#### ASSIGNMENT
Repeat only the lines from the one containing "[Vintage] Jackie DeShannon" to the final line below, exactly as they read, and leave every picture out.

#### DATASET EXTRACT
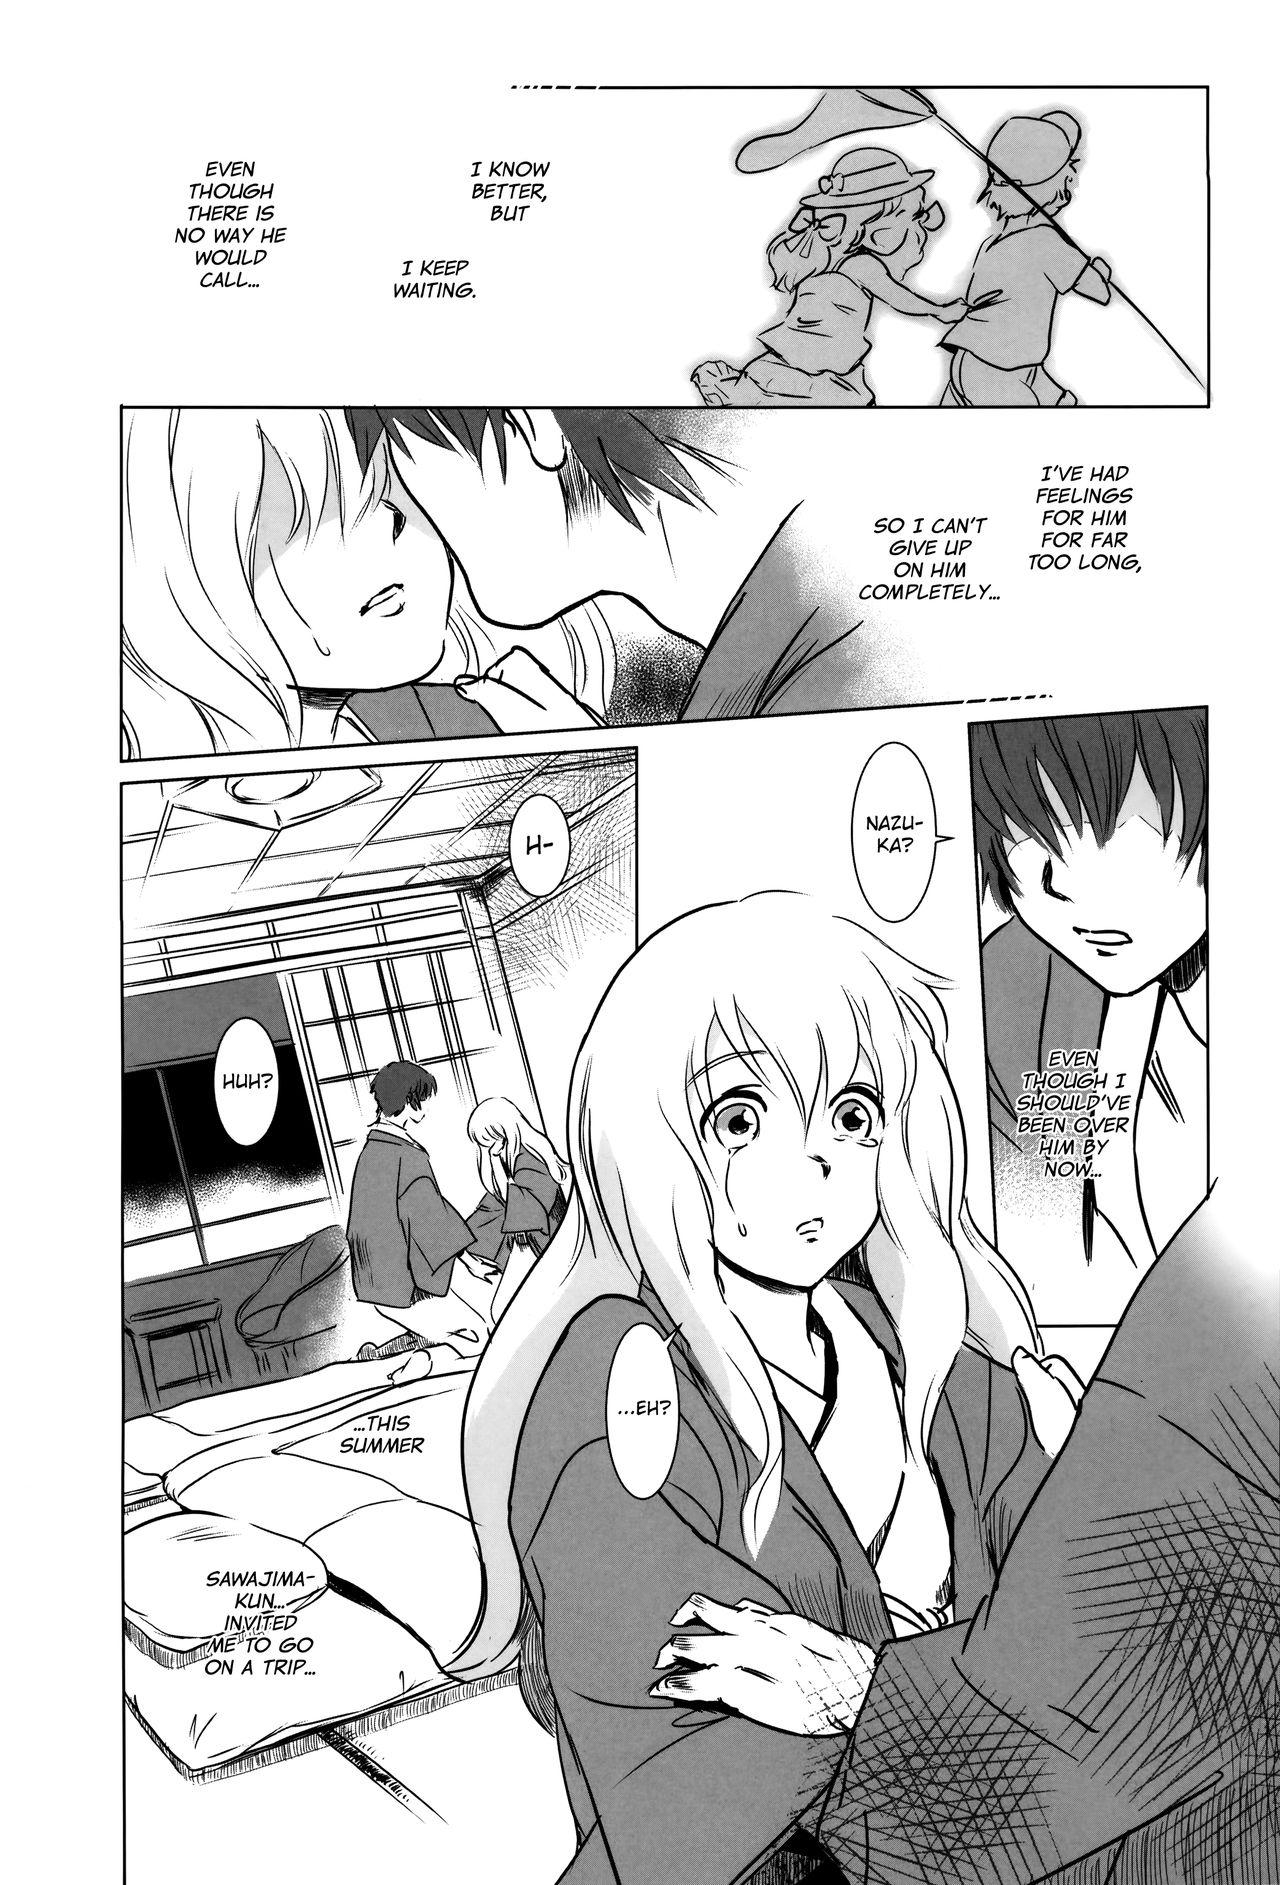 Massage Creep Story of the 'N' Situation - Situation#2 Kokoro Utsuri Crossdresser - Page 3
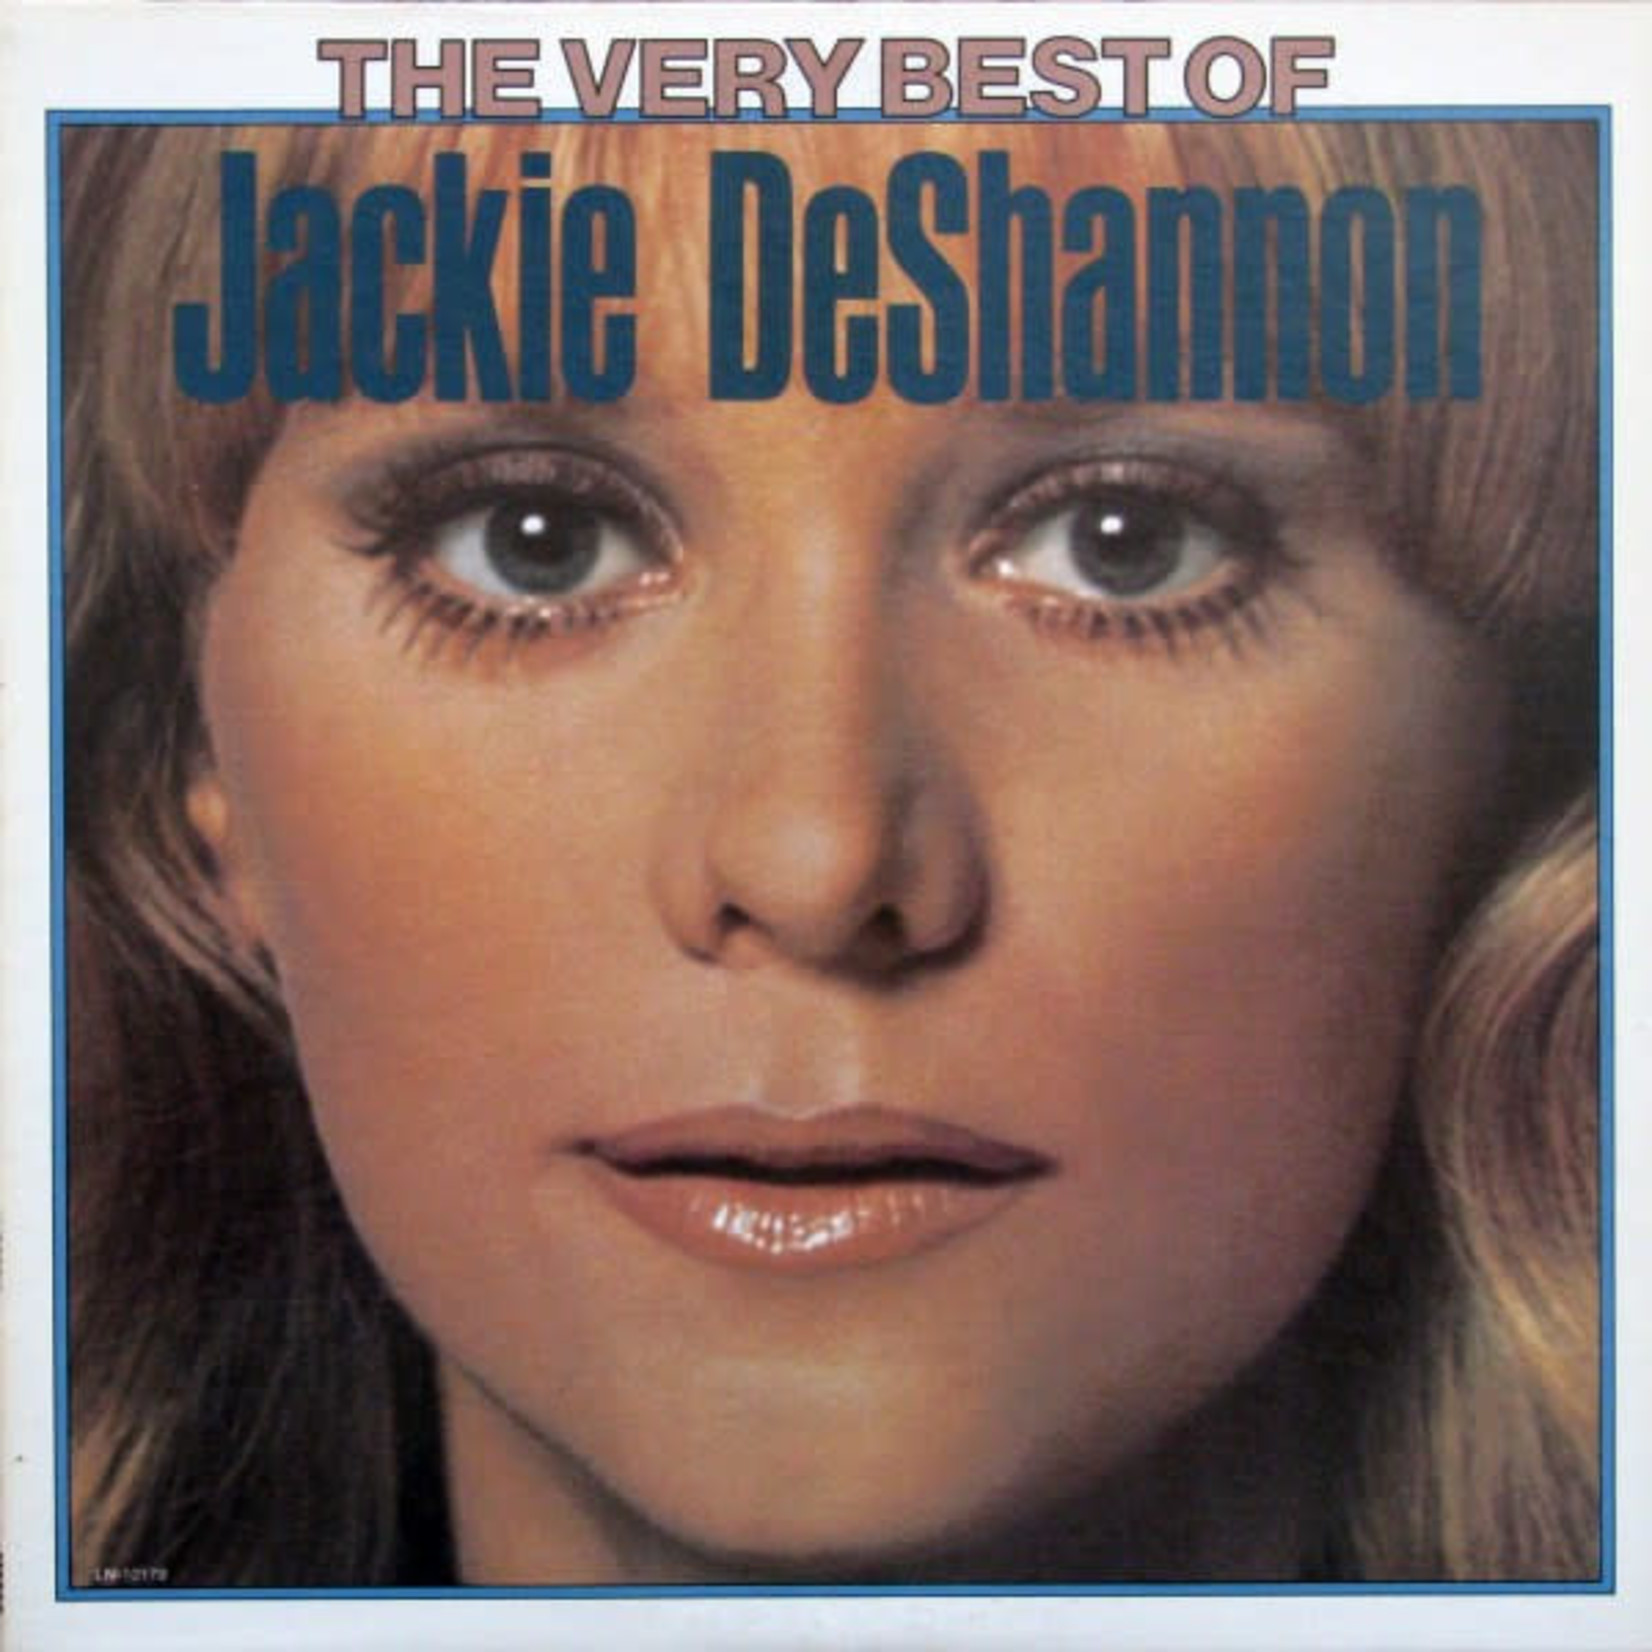 [Vintage] Jackie DeShannon - The Very Best of...  (10 tracks)
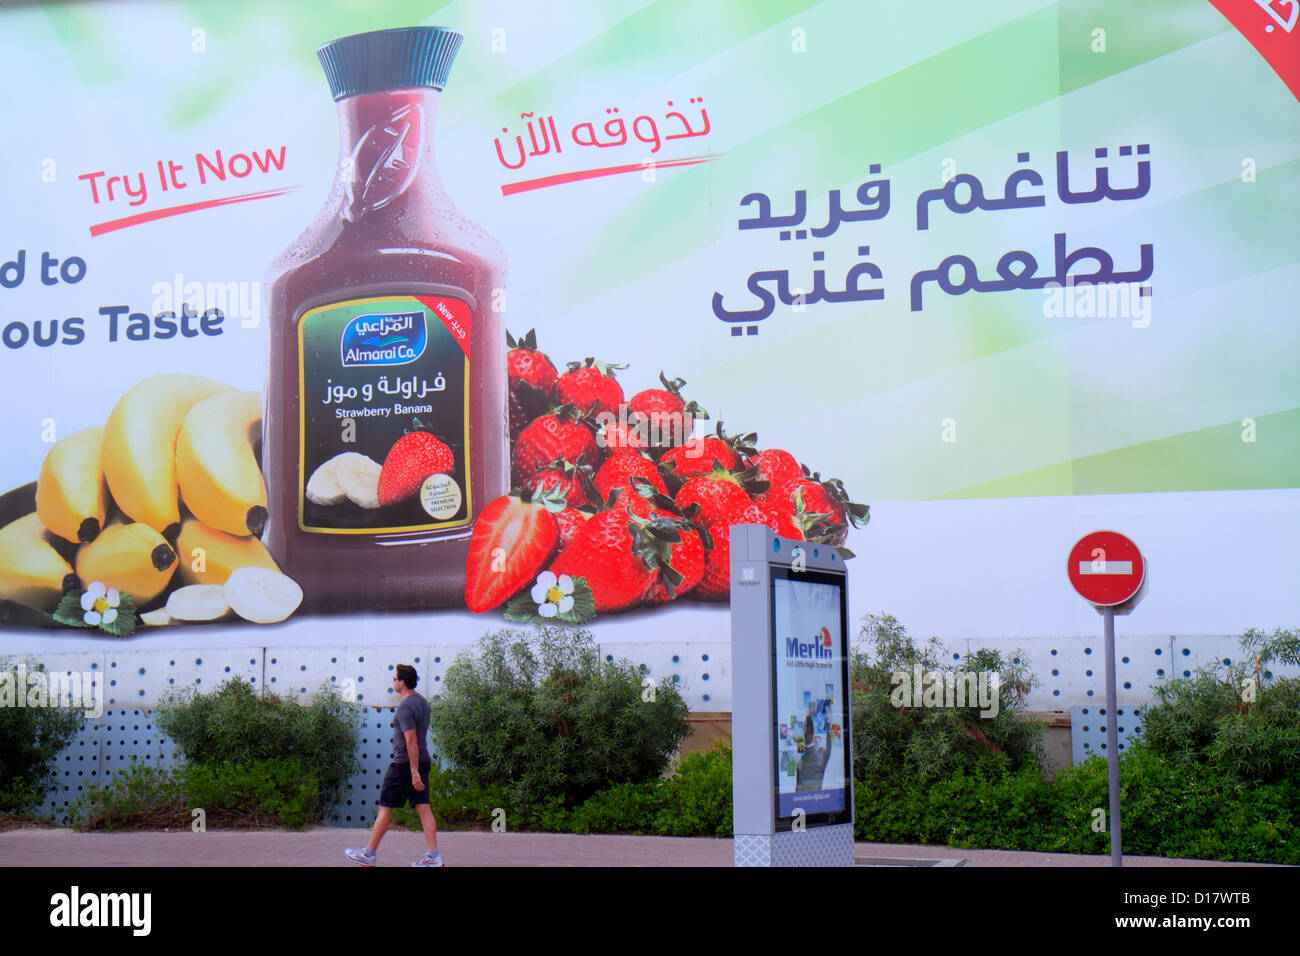 Dubai UAE,United Arab Emirates,Trade Centre,Sheikh Zayed Road,billboard,advertisement,ad,advertisement,English,Arabic,language,bilingual,fruit juice d Stock Photo

#### WRITTEN RESPONSE
 [Vintage] Jackie DeShannon - The Very Best of...  (10 tracks)
 Dubai UAE,United Arab Emirates,Trade Centre,Sheikh Zayed Road,billboard,advertisement,ad,advertisement,English,Arabic,language,bilingual,fruit juice d Stock Photo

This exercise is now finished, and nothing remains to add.